Item 29. Persons Controlled by or under Common Control with Registrant.

None.

Item 30. Indemnification.

Reference is made to Article Eight of the Registrant's Amended and Restated Declaration of Trust which is incorporated by reference herein:

The Registrant (also, the "Trust") is organized as a Delaware business trust is operated pursuant to a Declaration of Trust, dated September 13, 2007 (the "Declaration of Trust"), that permits the Registrant to indemnify every person who is, or has been, a Trustee, officer, employee or agent of the Trust, including persons who serve at the request of the Trust as directors, trustees, officers, employees or agents of another organization in which the Trust has an interest as a shareholder, creditor or otherwise (hereinafter referred to as a "Covered Person"), shall be indemnified by the Trust to the fullest extent permitted by law against liability and against all expenses reasonably incurred or paid by him in connection with any claim, action, suit or proceeding in which he becomes involved as a party or otherwise by virtue of his being or having been such a Trustee, director, officer, employee or agent and against amounts paid or incurred by him in settlement thereof. This indemnification is subject to the following conditions:

No indemnification shall be provided hereunder to a Covered Person:

(a) For any liability to the Trust or its Shareholders arising out of a final adjudication by the court of other body before which the proceeding was brought that the Covered Person engaged in willful misfeasance, bad faith, gross negligence or reckless disregard of the duties involved in the conduct of his office;

(b) With respect to any matter as to which the Covered Person shall have been finally adjudicated not to have acted in good faith in the reasonable belief that his or her action was in the best interests of the Trust; or

(c) In the event of a settlement of other disposition not involving a final adjudication (as provided in paragraph (a) or (b) of this Section 8.5.2) and resulting in a payment by a Covered Person, unless there has been either a determination that such Covered Person did not engage in willful misfeasance, bad faith, gross negligence or reckless disregard of the duties involved in the conduct of this office by the court or other body approving the settlement or other disposition, or a reasonable determination, based on a review of readily available facts (as opposed to a full trial-type inquiry), that he or she did not engage in such conduct, such determination being made by : (i) a vote of a majority of the Disinterested Trustees (as such term is defined in Section 8.5.5) acting on the matter); or (ii) a writer opinion of independent legal counsel.
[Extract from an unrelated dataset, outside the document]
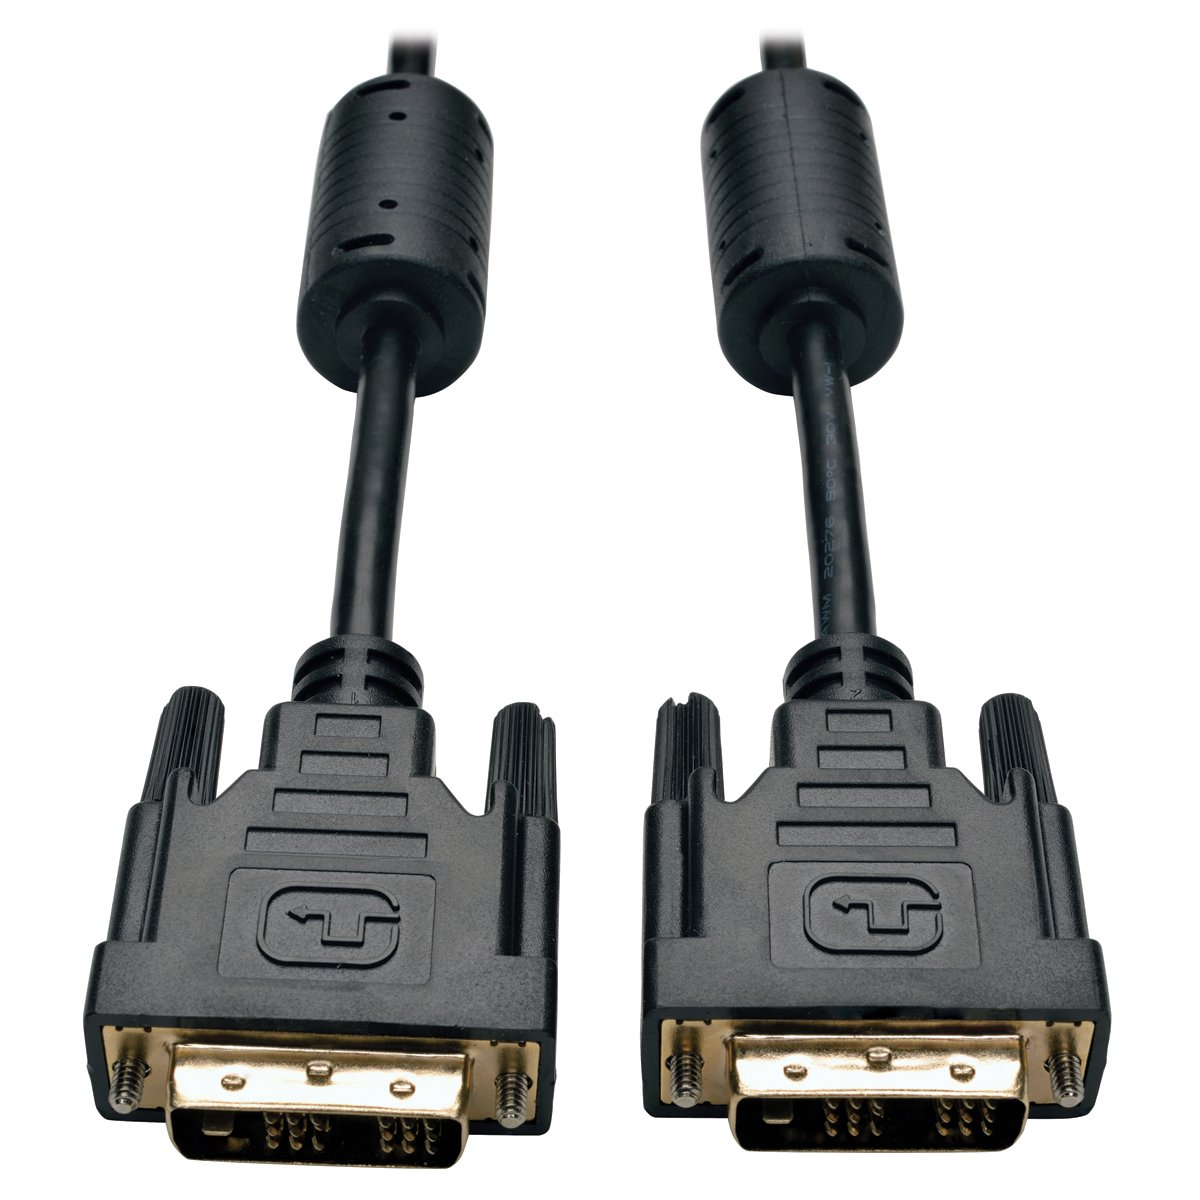 Tripp Lite DVI Single Link Cable, Digital TMDS Monitor Cable (DVI-D M/M) 50-ft.(P561-050)

The rights of indemnification under the Declaration of Trust may be insured against by policies maintained by the Trust, and shall be severable, shall not affect any other rights to which any Covered Person may now or hereafter be entitled, shall continue as to a person who has ceased to be a Covered Person, and shall inure to the benefit of the heirs, executors and administrators of such a person. Nothing contained in the Declaration of Trust shall affect any rights to indemnification to which Trust personnel other than Covered Persons may be entitled by contract or otherwise under law.
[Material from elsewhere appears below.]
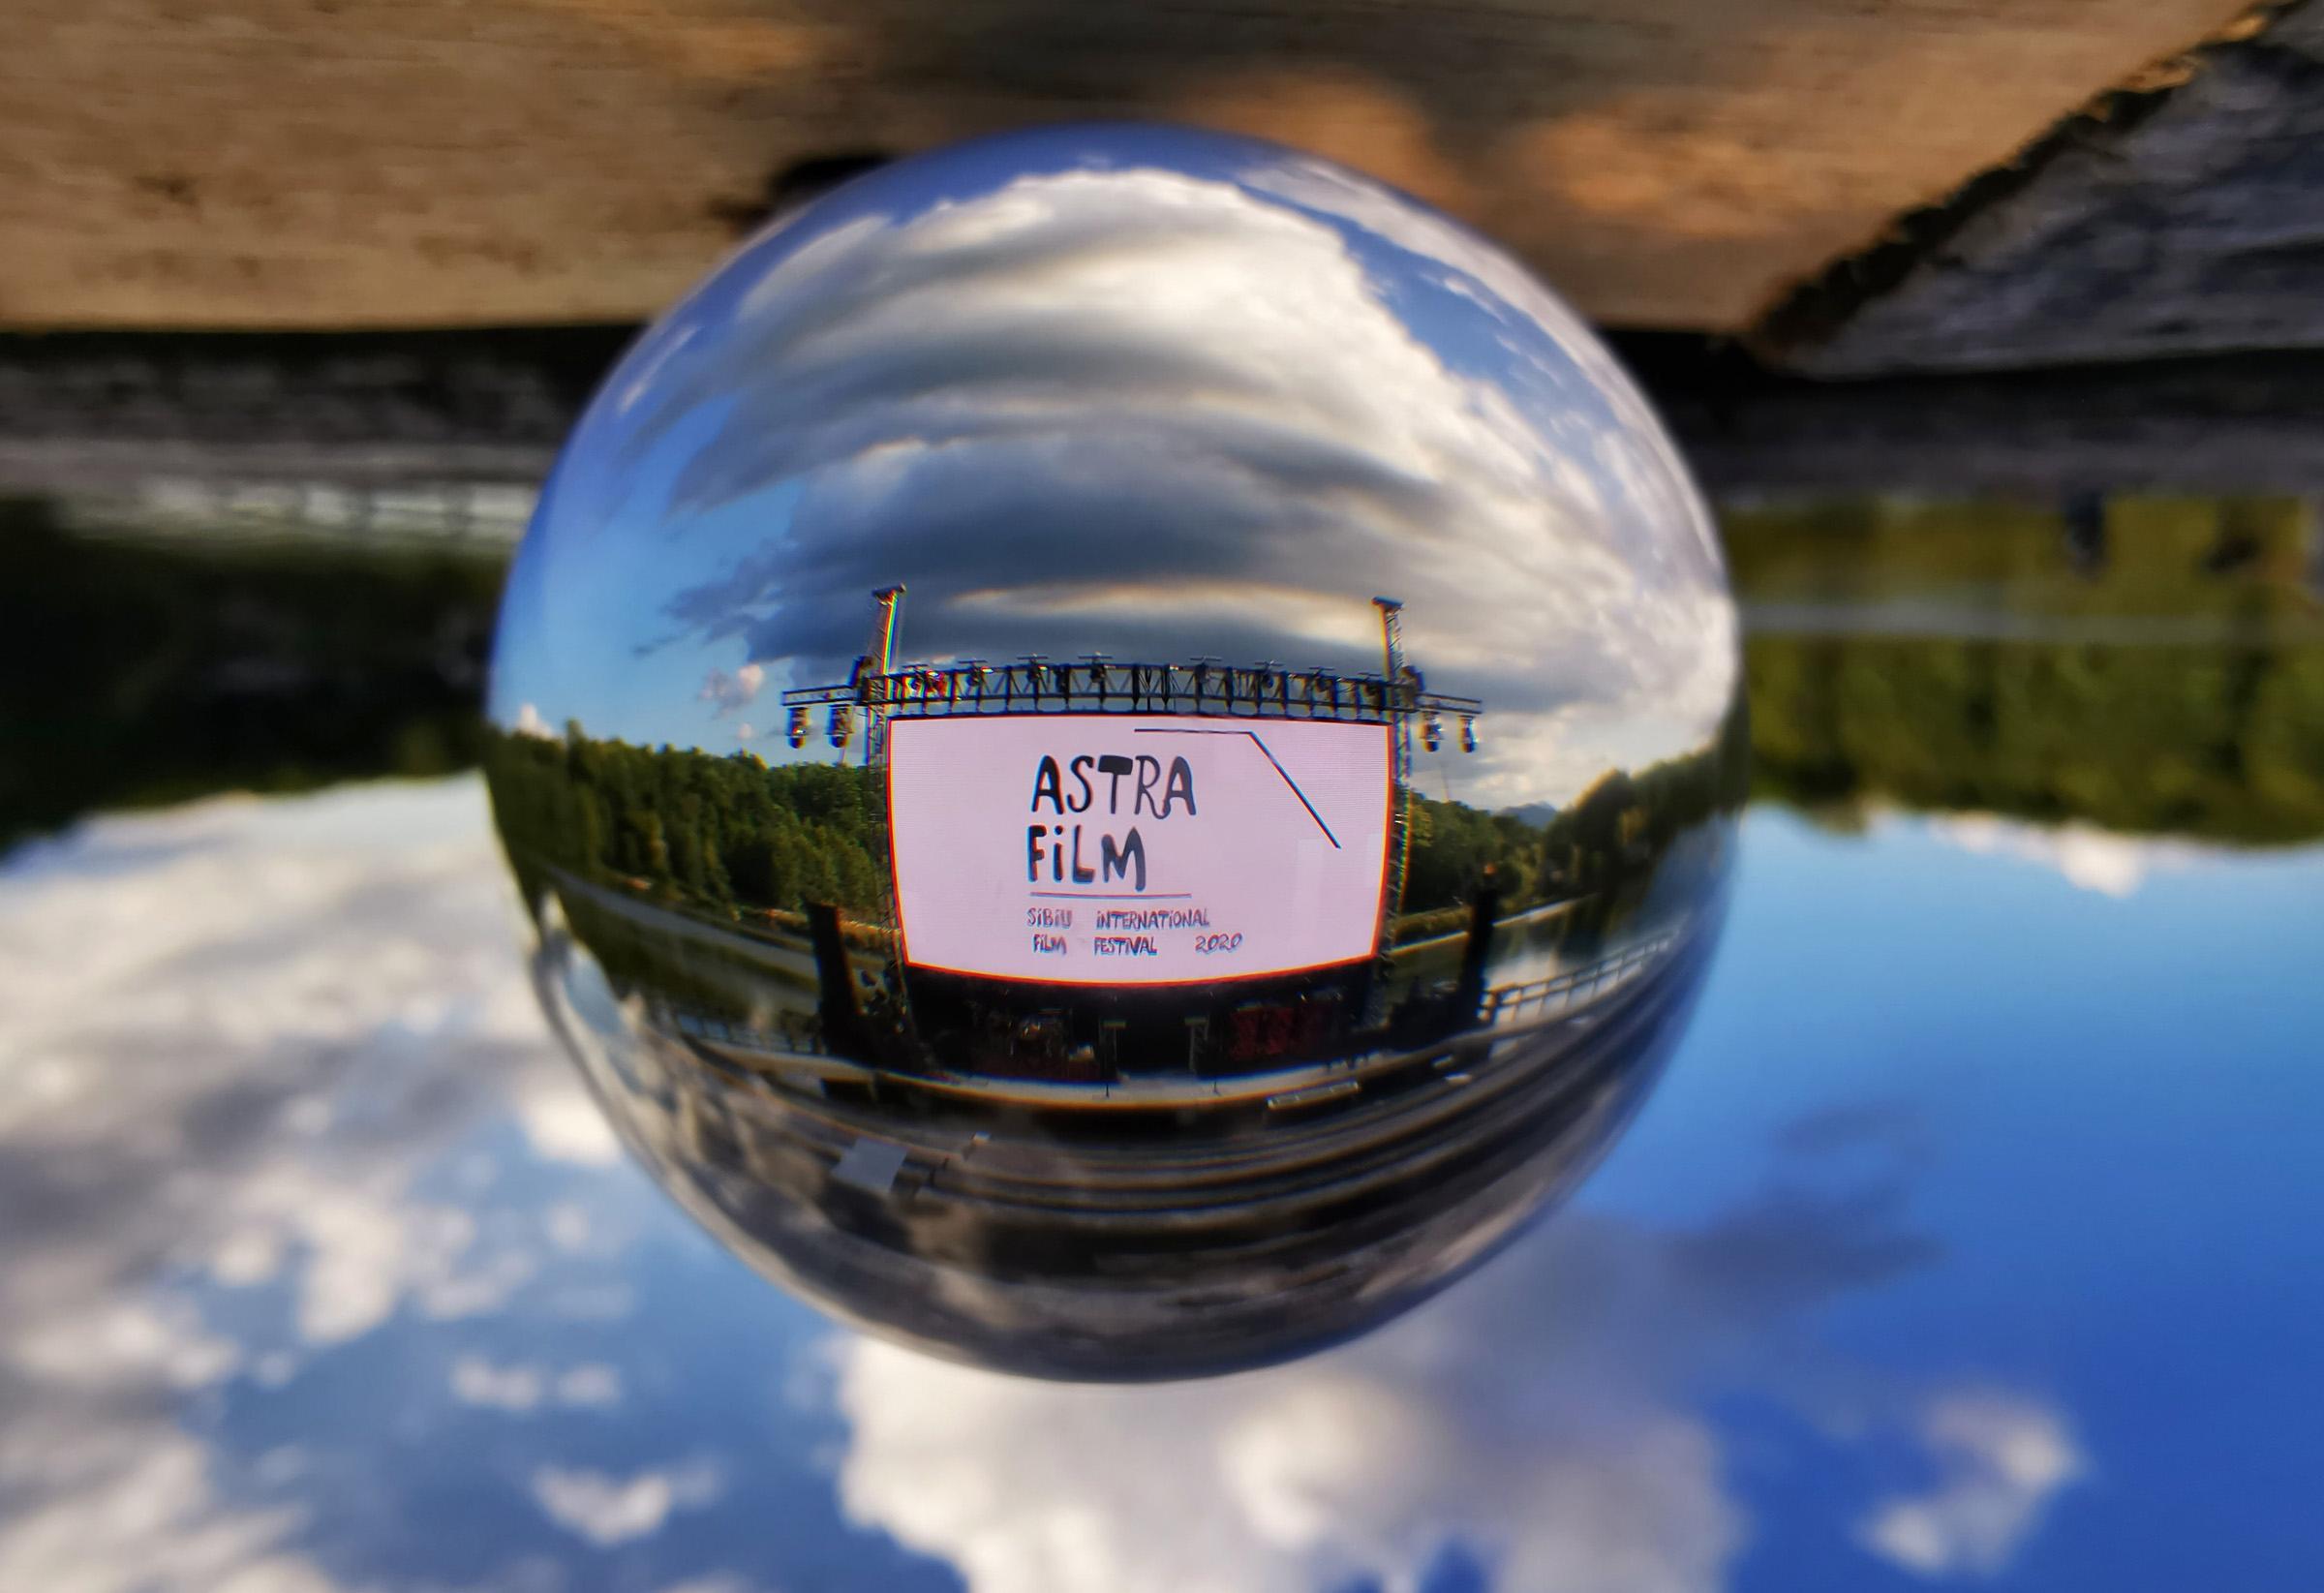 Astra Film

Expenses of preparation and presentation of a defense to any claim, action, suit or proceeding subject to a claim for indemnification under Section 8.5 of the Declaration of Trust shall be advanced by the Trust prior to final disposition thereof upon receipt of an undertaking by or on behalf of the recipient to repay such amount if it is ultimately determined that he or she is not entitled to indemnification under Section 8.5 of the Declaration of Trust, provided that either: Covered Person, unless there has been either a determination that such Covered Person did not engage in willful misfeasance, bad faith, gross negligence or reckless disregard of the duties involved in the conduct of this office by the court or other body approving the settlement or other disposition, or a reasonable determination, based on a review of readily available facts (as opposed to a full trial-type inquiry), that he or she did not engage in such conduct, such determination being made by : (i) a vote of a majority of the Disinterested Trustees (as such term is defined in Section 8.5.5) acting on the matter (provided that a majority of Disinterested Trustees then in office act on the matter); or (ii) a written opinion of independent legal counsel.

(a) Such undertaking is secured by a surety bond or some other appropriate security or the Trust shall be insured against losses arising out of any such advances; or

(b) A majority of the Disinterested Trustees acting on the matter (provided that a majority of the Disinterested Trustees then in office act on the matter) or independent legal counsel in a written opinion shall determine, based upon a review of the readily available facts (as opposed to the facts available upon a full trial), that there is reason to believe that the recipient ultimately will be found entitled to indemnification.

As used in Section 8.5 of the Declaration of Trust, the following words shall have the meanings set forth below:

(a) A "Disinterested Trustee" is one (i) who is not an Interested Person of the Trust (including anyone, as such Disinterested Trustees, who has been exempted from being an Interested Person by any rule, regulation or order of the Commission), and (ii) against whom none of such actions, suits or other proceedings or another action, suit or other proceeding on the same or similar grounds is then or has been pending;

(b) "Claim," "action," "suite" or "proceeding" shall apply to all claims, actions, suits, proceedings (civil, criminal, administrative or other, including appeals), actual or threatened; and

(c) "Liability" and "expenses" shall include without limitation, attorneys' fees, costs, judgments, amounts paid in settlement, fines, penalties and other liabilities.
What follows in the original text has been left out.